IRS officials also talked about how they will implement the $2,500 contribution cap.

The limit, established in Section 125(i) of the Internal Revenue Code, will apply to plan years starting after Dec. 31, 2012.

The IRS will start indexing the $2,500 limit for plan years starting after Dec. 31, 2013.

A cafeteria plan offering a health FSA must be amended to include the new $2,500 contribution limit, officials say.

If a worker exceeds the limit due to a “reasonable mistake,” and “not willful neglect,” and the employer corrects the error, the cafeteria plan associated with the FSA will continue to qualify to be an Internal Revenue Code Section 125 cafeteria plan, officials say.
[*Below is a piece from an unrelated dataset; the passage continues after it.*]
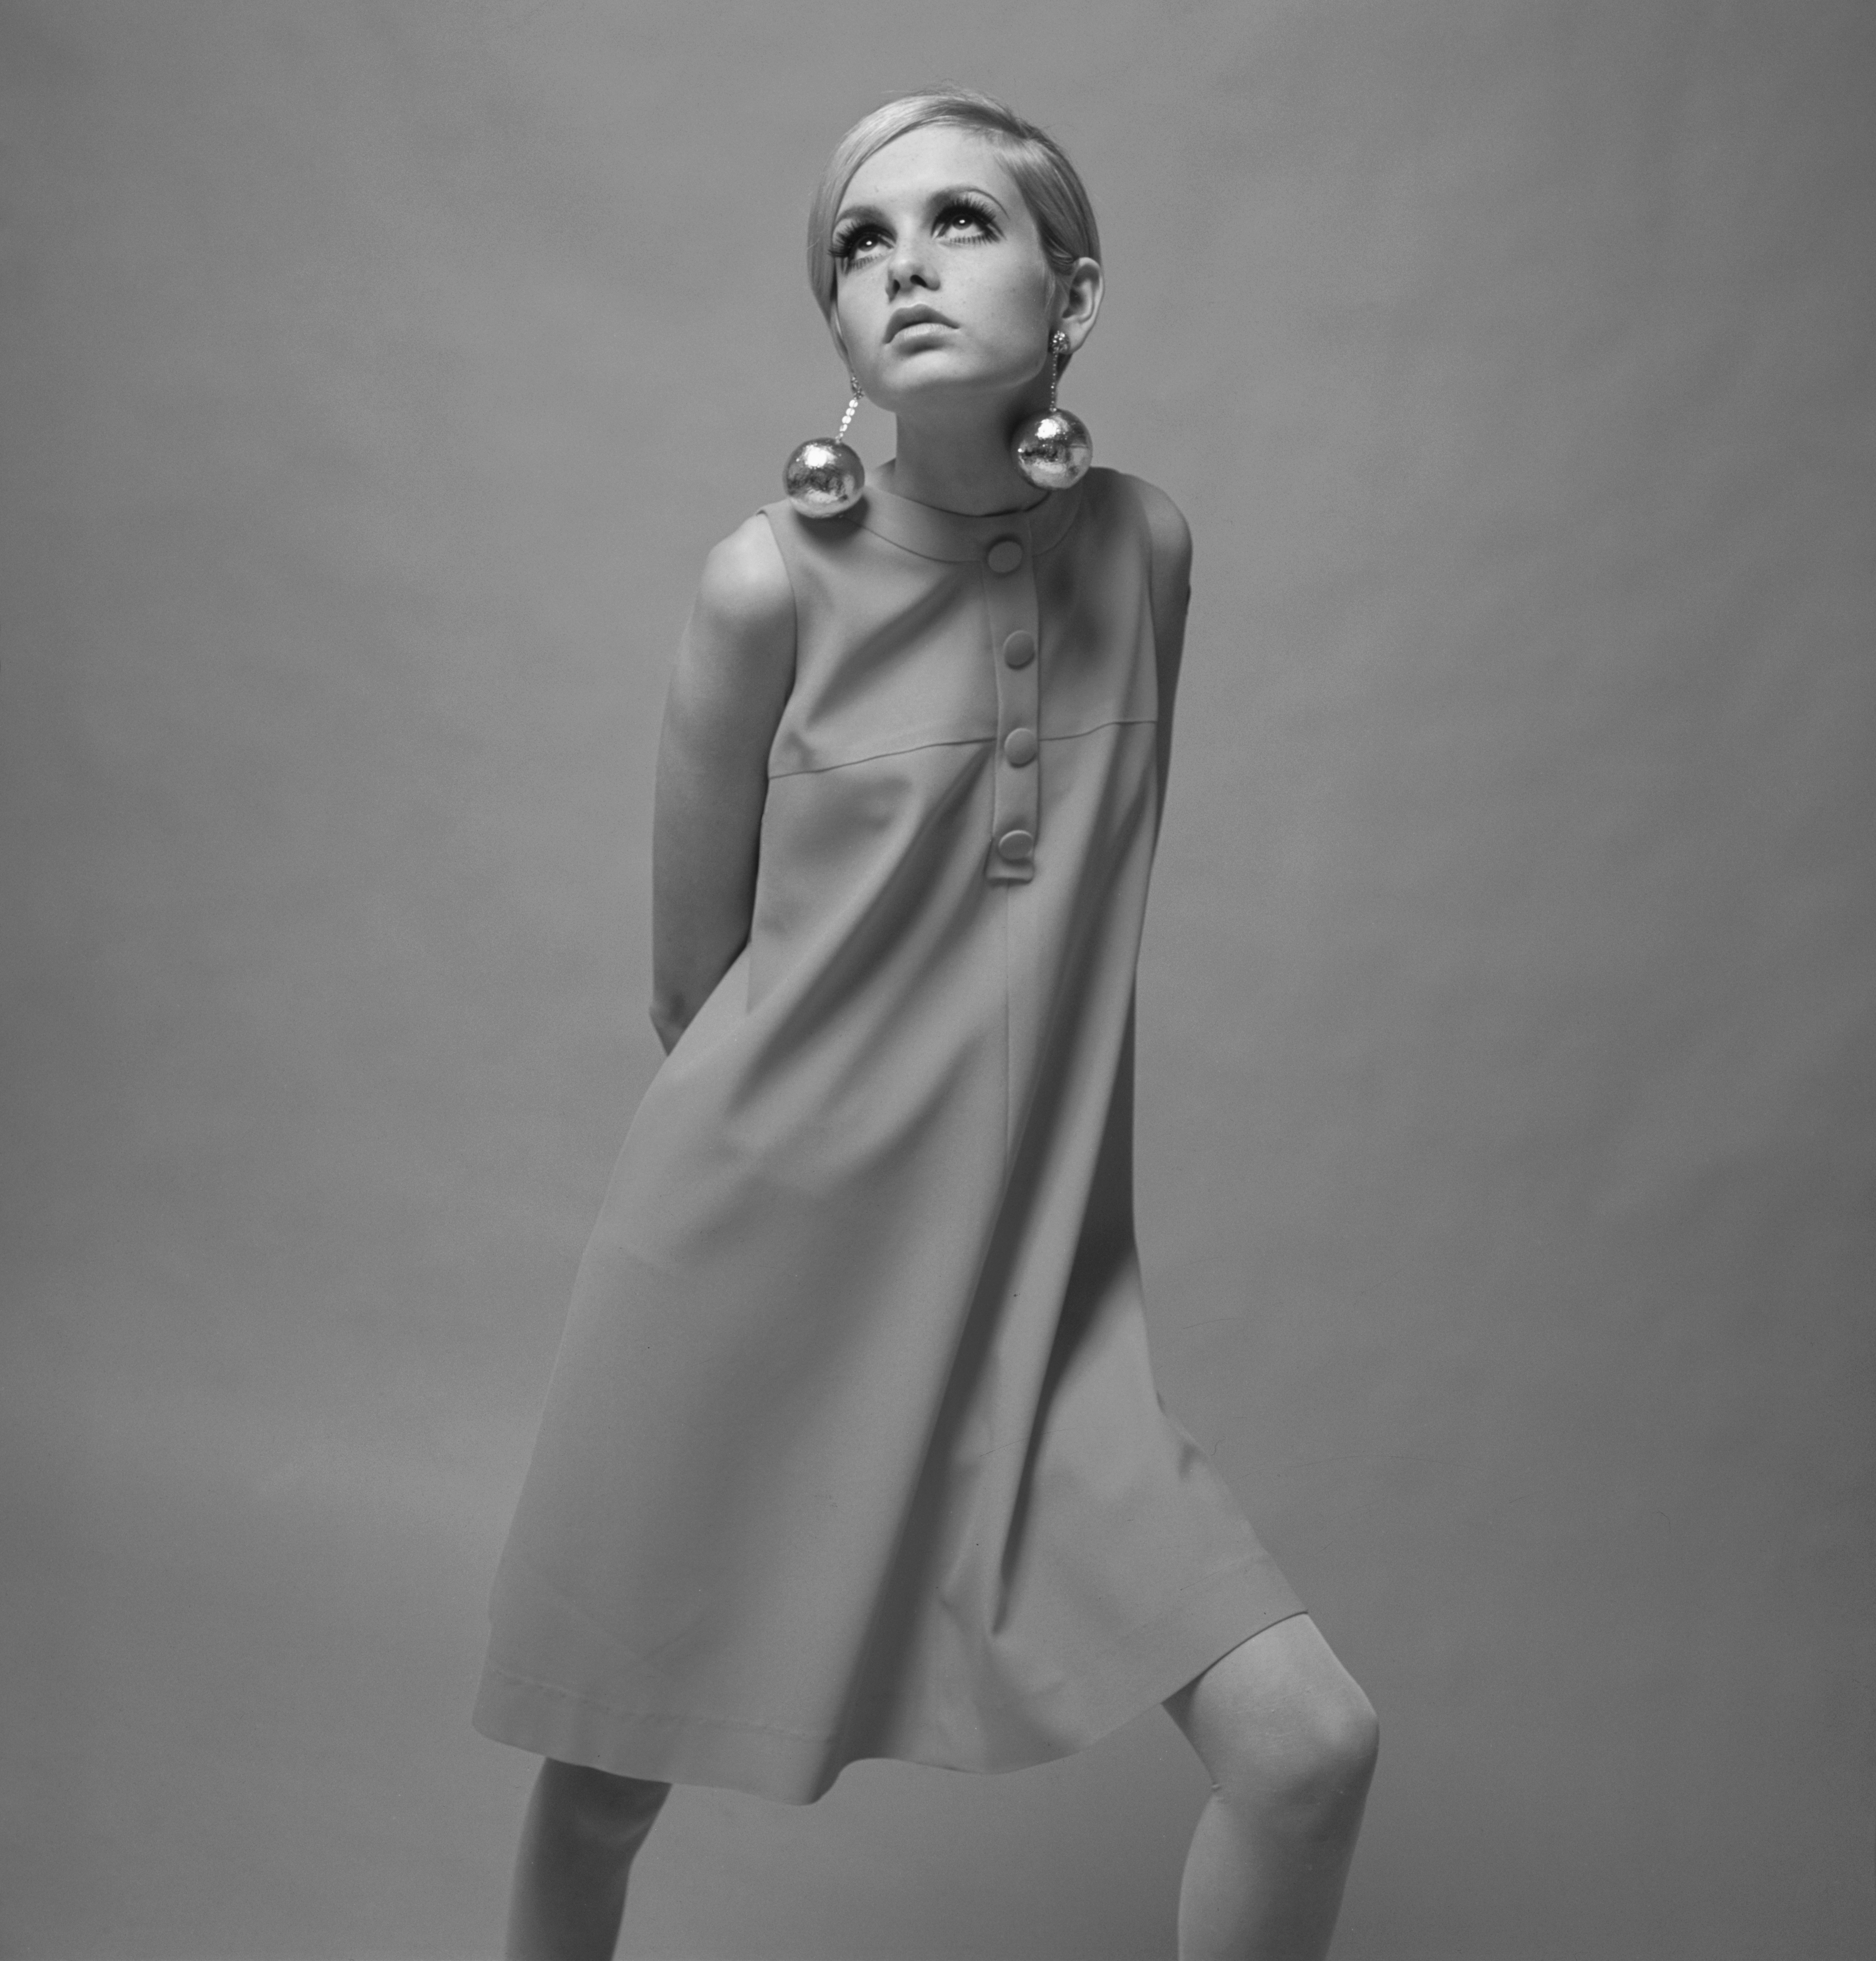 Twiggy pictures of

The relief for errors will not be available if an employer is already facing an examination involving concerns about the cafteria plans during which the excess FSA contributions occurred, officials say.

Comments on the notice are due Aug. 17.

Benefits compliance specialists at Lockton Companies L.L.C., Kansas City, Mo., say the $2,500 limit does not appear to “apply to employer-provided flex credits that cannot be converted to cash or applied to taxable benefits, such as 401(k) plan contributions or the purchase of vacation days.”

“Few employers supply these sorts of credits under a cafeteria plan, however,” the compliance specialists say.